▶ **ACTION ITEM**: None of the images should appear in your copy. Transcribe the data in full.

▶ **PROVIDED DATA**:

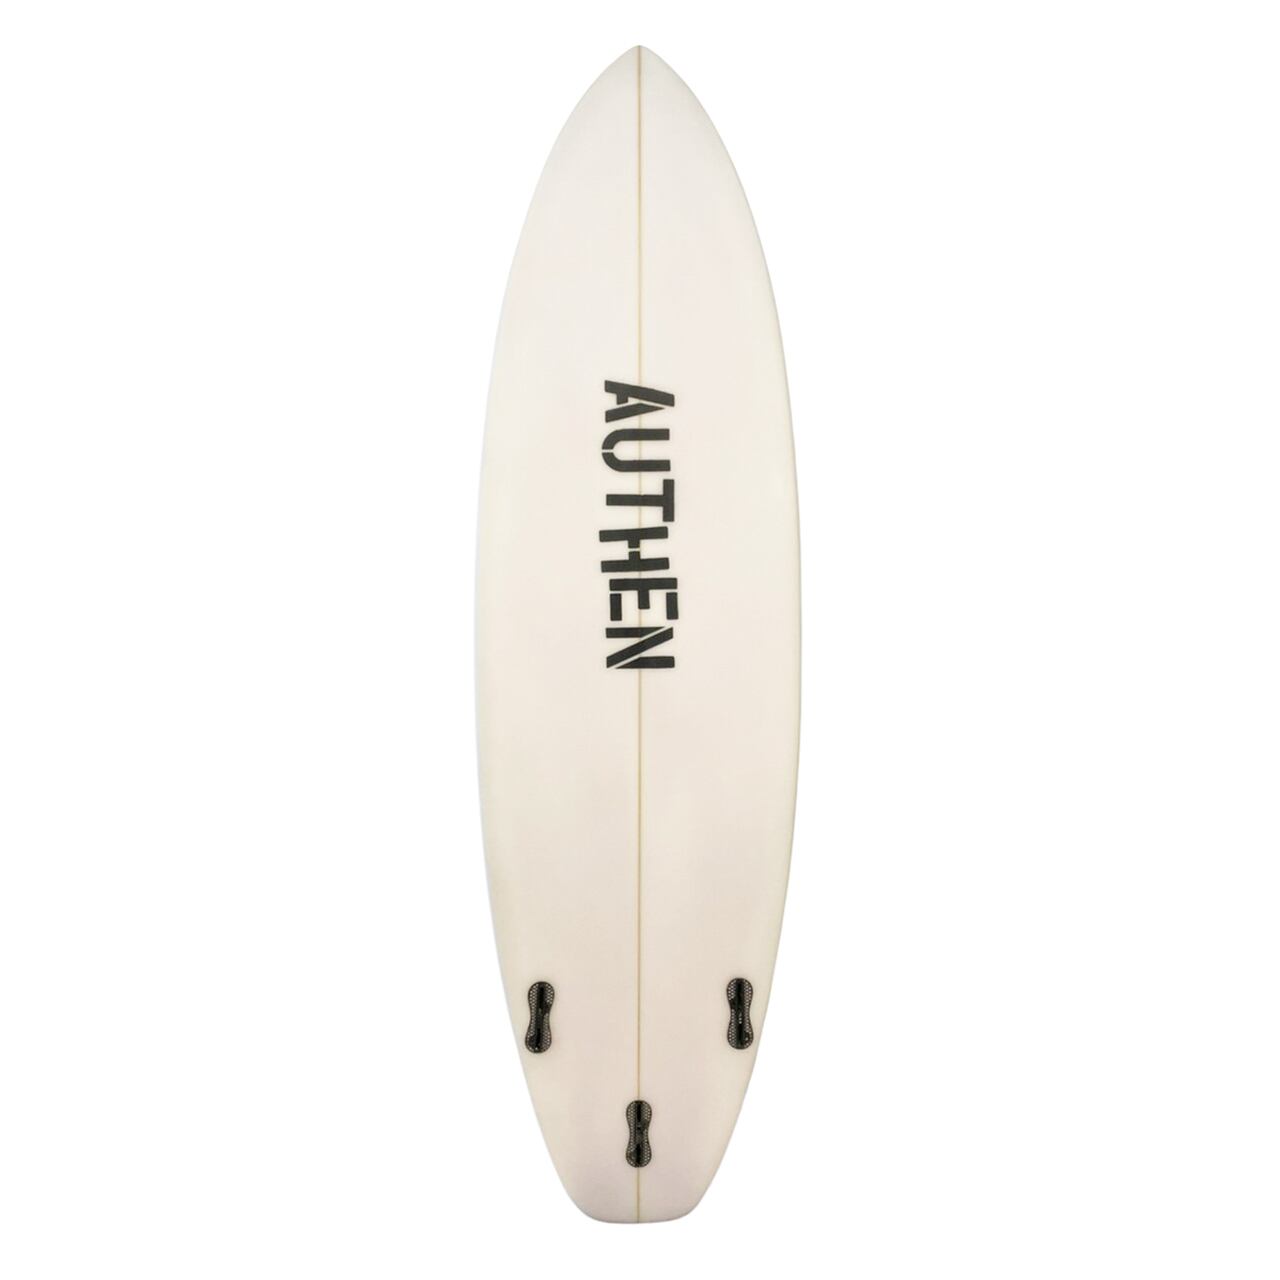 Authen surfboards “ Hp ” model Squash tail 5`8``× 18`9/16`` × 2`1 
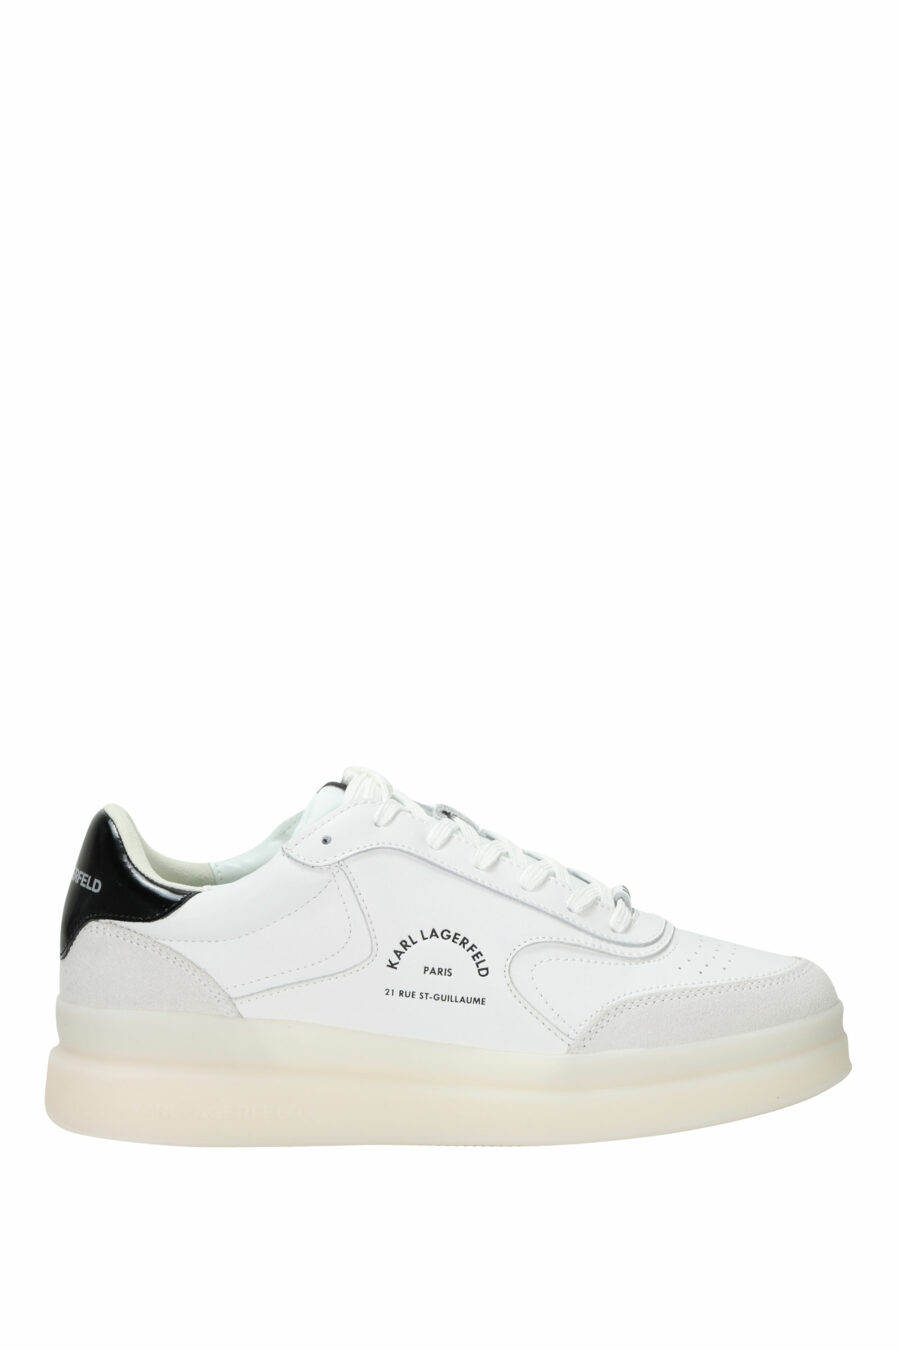 White trainers mix "brink" with mini-logo "rue st guillaume" - 5059529396984
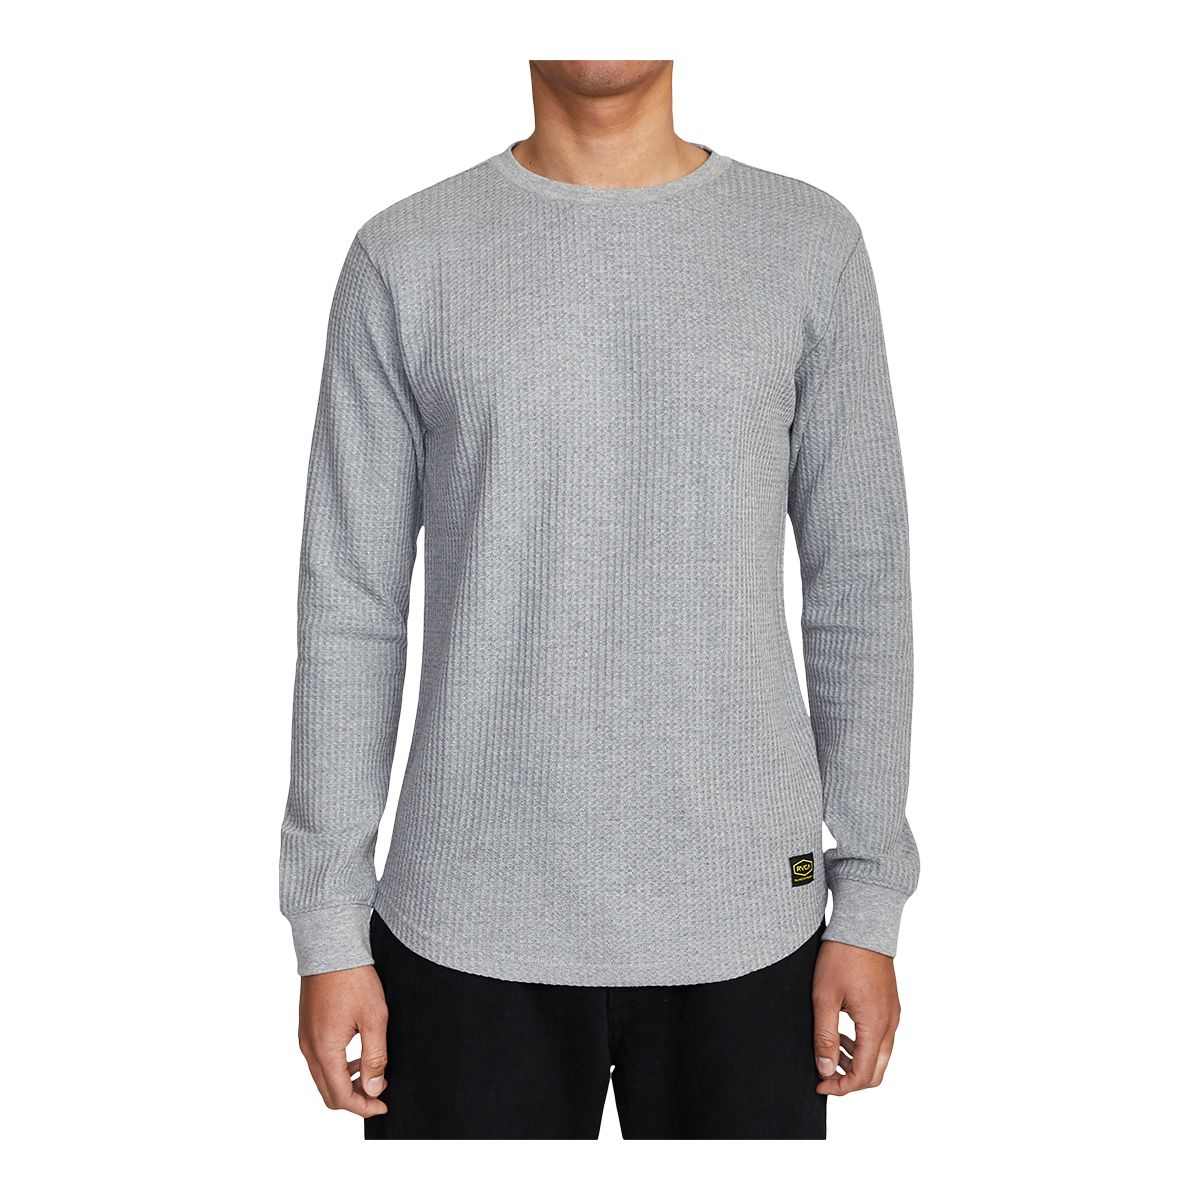 Rvca Men's Day Shift Long Sleeve Thermal

▶ **ANSWER SECTION**:
 Authen surfboards “ Hp ” model Squash tail 5`8``× 18`9/16`` × 2`1 
 White trainers mix "brink" with mini-logo "rue st guillaume" - 5059529396984
 Rvca Men's Day Shift Long Sleeve Thermal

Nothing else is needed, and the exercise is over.